Directions for this task: Return the lines below exactly as they appear, please, starting with the first and ending with the one that contains "Buy Amethyst Rock".

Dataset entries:
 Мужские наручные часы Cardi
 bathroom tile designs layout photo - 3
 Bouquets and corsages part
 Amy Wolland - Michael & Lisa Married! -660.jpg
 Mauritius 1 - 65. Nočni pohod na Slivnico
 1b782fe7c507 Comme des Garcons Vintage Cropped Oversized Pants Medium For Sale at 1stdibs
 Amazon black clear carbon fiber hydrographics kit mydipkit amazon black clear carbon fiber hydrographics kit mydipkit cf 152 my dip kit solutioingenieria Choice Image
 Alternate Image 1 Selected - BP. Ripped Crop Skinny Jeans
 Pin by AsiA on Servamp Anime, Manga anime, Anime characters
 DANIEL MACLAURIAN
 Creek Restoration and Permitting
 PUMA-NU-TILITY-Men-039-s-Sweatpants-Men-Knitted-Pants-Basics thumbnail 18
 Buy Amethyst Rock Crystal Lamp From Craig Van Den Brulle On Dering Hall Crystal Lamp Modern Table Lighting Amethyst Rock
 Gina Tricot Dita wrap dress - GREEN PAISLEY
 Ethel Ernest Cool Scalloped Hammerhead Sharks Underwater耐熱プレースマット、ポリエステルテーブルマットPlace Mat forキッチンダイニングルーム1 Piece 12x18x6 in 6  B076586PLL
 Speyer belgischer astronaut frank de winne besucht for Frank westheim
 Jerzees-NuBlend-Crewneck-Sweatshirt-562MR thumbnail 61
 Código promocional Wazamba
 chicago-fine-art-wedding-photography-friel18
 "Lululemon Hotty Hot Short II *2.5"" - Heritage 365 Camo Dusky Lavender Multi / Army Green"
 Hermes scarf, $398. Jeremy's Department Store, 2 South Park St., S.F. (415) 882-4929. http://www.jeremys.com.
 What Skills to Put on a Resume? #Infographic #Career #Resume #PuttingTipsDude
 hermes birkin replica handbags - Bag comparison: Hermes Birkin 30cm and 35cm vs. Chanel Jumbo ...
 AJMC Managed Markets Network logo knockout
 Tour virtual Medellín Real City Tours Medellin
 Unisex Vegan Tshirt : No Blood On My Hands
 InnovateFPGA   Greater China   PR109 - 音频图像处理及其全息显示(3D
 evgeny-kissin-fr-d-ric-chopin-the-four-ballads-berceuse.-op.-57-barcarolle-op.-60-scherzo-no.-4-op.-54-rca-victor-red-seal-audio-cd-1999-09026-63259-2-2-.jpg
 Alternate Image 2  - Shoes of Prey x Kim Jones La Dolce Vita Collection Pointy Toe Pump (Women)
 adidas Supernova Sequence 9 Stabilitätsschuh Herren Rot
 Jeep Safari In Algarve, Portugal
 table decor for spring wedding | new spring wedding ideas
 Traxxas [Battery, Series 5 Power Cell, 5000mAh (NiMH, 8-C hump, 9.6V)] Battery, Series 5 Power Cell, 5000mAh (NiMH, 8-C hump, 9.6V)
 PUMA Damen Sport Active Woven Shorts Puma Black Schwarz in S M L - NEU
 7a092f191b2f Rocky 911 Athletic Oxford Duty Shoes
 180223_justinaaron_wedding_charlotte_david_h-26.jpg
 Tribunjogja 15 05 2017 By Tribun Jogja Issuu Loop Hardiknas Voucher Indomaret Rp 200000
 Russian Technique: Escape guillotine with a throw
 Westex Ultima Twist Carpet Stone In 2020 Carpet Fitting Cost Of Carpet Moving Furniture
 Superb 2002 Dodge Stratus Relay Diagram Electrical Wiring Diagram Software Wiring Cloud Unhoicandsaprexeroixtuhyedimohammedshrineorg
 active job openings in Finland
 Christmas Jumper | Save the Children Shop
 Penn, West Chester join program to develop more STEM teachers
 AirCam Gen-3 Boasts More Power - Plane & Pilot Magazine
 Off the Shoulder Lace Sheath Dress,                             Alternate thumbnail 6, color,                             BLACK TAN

Completed task:
 Мужские наручные часы Cardi
 bathroom tile designs layout photo - 3
 Bouquets and corsages part
 Amy Wolland - Michael & Lisa Married! -660.jpg
 Mauritius 1 - 65. Nočni pohod na Slivnico
 1b782fe7c507 Comme des Garcons Vintage Cropped Oversized Pants Medium For Sale at 1stdibs
 Amazon black clear carbon fiber hydrographics kit mydipkit amazon black clear carbon fiber hydrographics kit mydipkit cf 152 my dip kit solutioingenieria Choice Image
 Alternate Image 1 Selected - BP. Ripped Crop Skinny Jeans
 Pin by AsiA on Servamp Anime, Manga anime, Anime characters
 DANIEL MACLAURIAN
 Creek Restoration and Permitting
 PUMA-NU-TILITY-Men-039-s-Sweatpants-Men-Knitted-Pants-Basics thumbnail 18
 Buy Amethyst Rock Crystal Lamp From Craig Van Den Brulle On Dering Hall Crystal Lamp Modern Table Lighting Amethyst Rock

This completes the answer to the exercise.